Private alternatives to Eximbank already exist. For example, Norwest Bank in Minneapolis and Wells Fargo HSBC Bank in San Francisco are leading trade lenders for companies exporting to Latin America. The size of private export credit deals is getting larger, and the private insurance market is increasingly providing medium-term (five-year) coverage. As more private lenders, guarantors, and insurers enter the market, importers become more savvy too and shop around the world to lower their financing costs.
To privatize its operations, Eximbank should sell its portfolio of loans, guarantees, and insurance on the open market. The taxpayer money saved by eliminating this agency should be redirected toward providing nutrition, housing, health care, education, and job training programs for poor people in the United States and developing countries.
Place Restrictions on Eximbank Operations
Beneficiary companies should be good corporate citizens. They should adopt and adhere to recognized codes of conduct such as the Principles for Global Corporate Responsibility established by a coalition of organizations in the United States, Canada, and Great Britain. These principles require companies to set standards for corporate governance and advertising and to protect the environment, workers, and children. Companies should not be allowed to export dual-use products to military organizations. A "three strikes and you're out" rule should apply to corporate beneficiaries of Eximbank operations who have committed crimes and misdeeds.
Recipient countries should enact and enforce labor, consumer and environmental protection laws, and Washington should ban Eximbank assistance to countries that fail to enact and enforce these laws. Potential economic gains should not supersede the preservation of human rights. China, with its dismal human rights record, is one of the major recipients of Eximbank assistance; paradoxically, the U.S. government's Overseas Private Investment Corporation (OPIC) excludes China from its financing and insurance programs.
Eximbank should provide an annual public accountingshowing the financial and nonfinancial benefits and costs to U.S. taxpayers of each Eximbank program outstanding during that fiscal year, organized by beneficiry company. The government should hold public hearings at least every two years to determine whether Eximbank should continue to exist as a federal agency.
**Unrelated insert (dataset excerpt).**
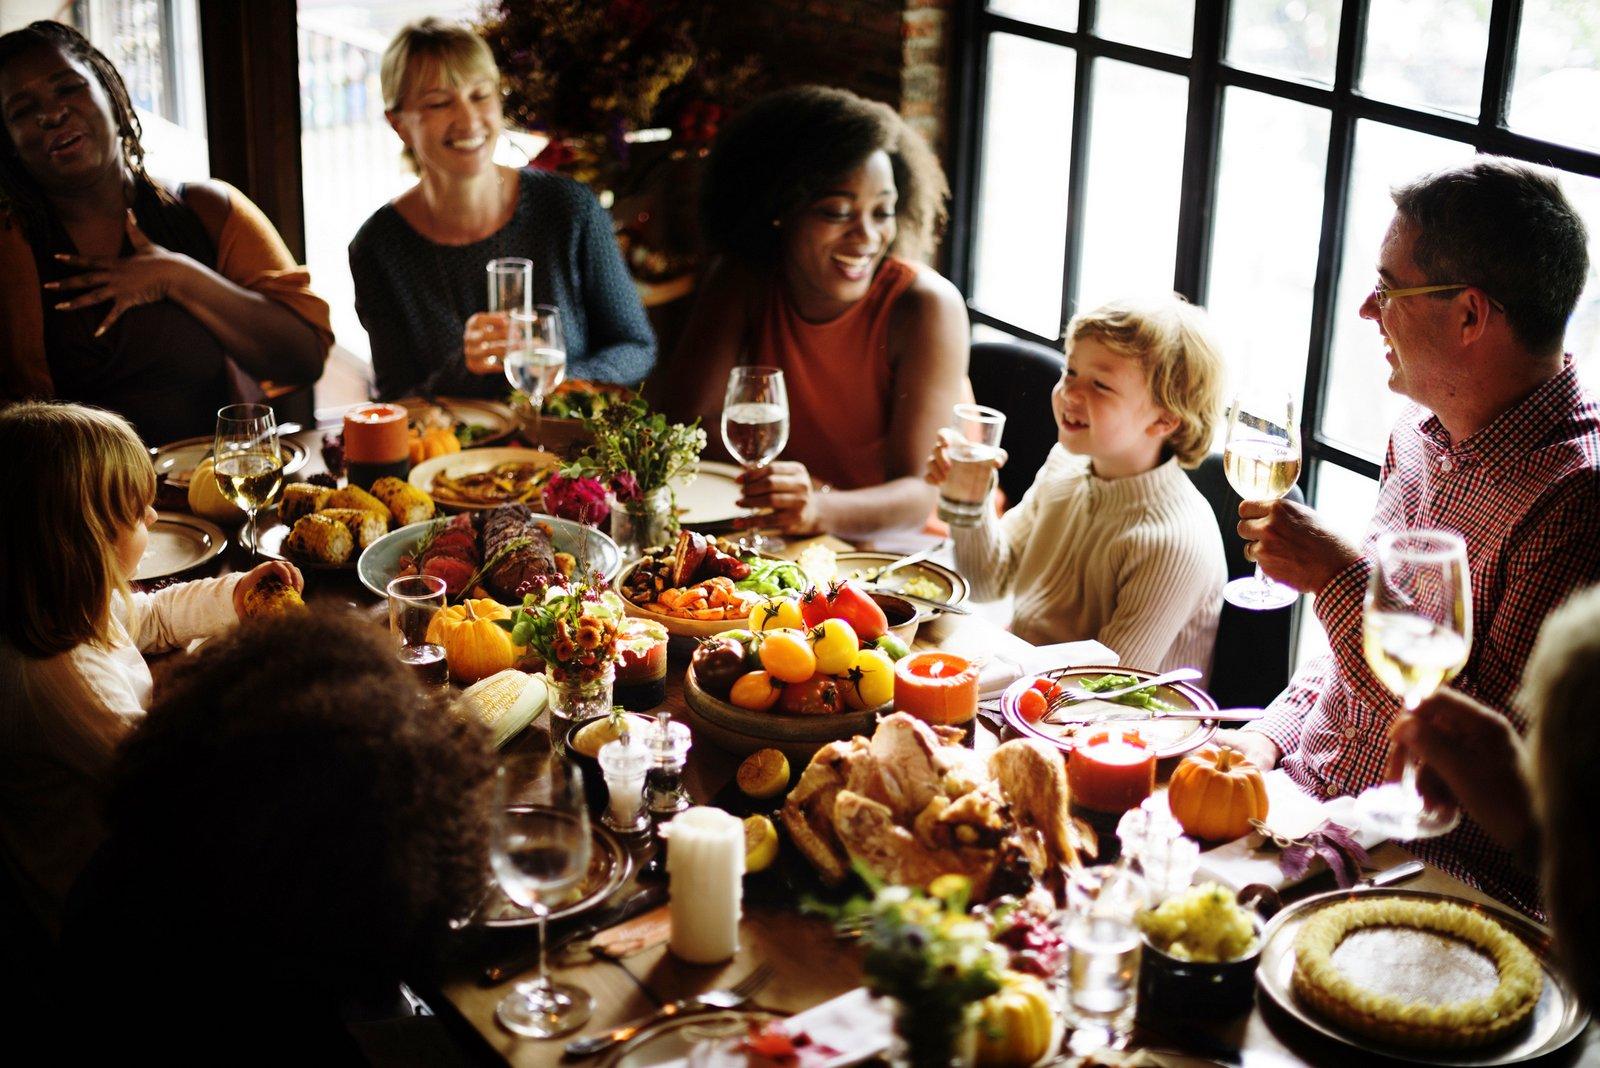 Thanksgiving-dinner-friends-and-family-at-potluck-G.jpg

In recent years, the U.S. government has shifted its foreign aid budget to programs that assist domestic and foreign entrepreneurs. This puts decisions and money into private hands that may be more interested in personal gains. Eximbank and other foreign business programs should not be funded from the foreign aid budget and should not substitute for foreign aid that directly attempts to improve the circumstances of needy people.
The U.S. should negotiate with other countries to multilaterally eliminate Eximbank-type subsidies and agencies. Rather than limiting sovereignty, these agreements would end forced subsidies established to retaliate against those of another country. Resulting savings could be targeted to more appropriate uses.
Janice Shields is coordinator of the Corporate Welfare and TaxWatch projects of the Institute for Business Research.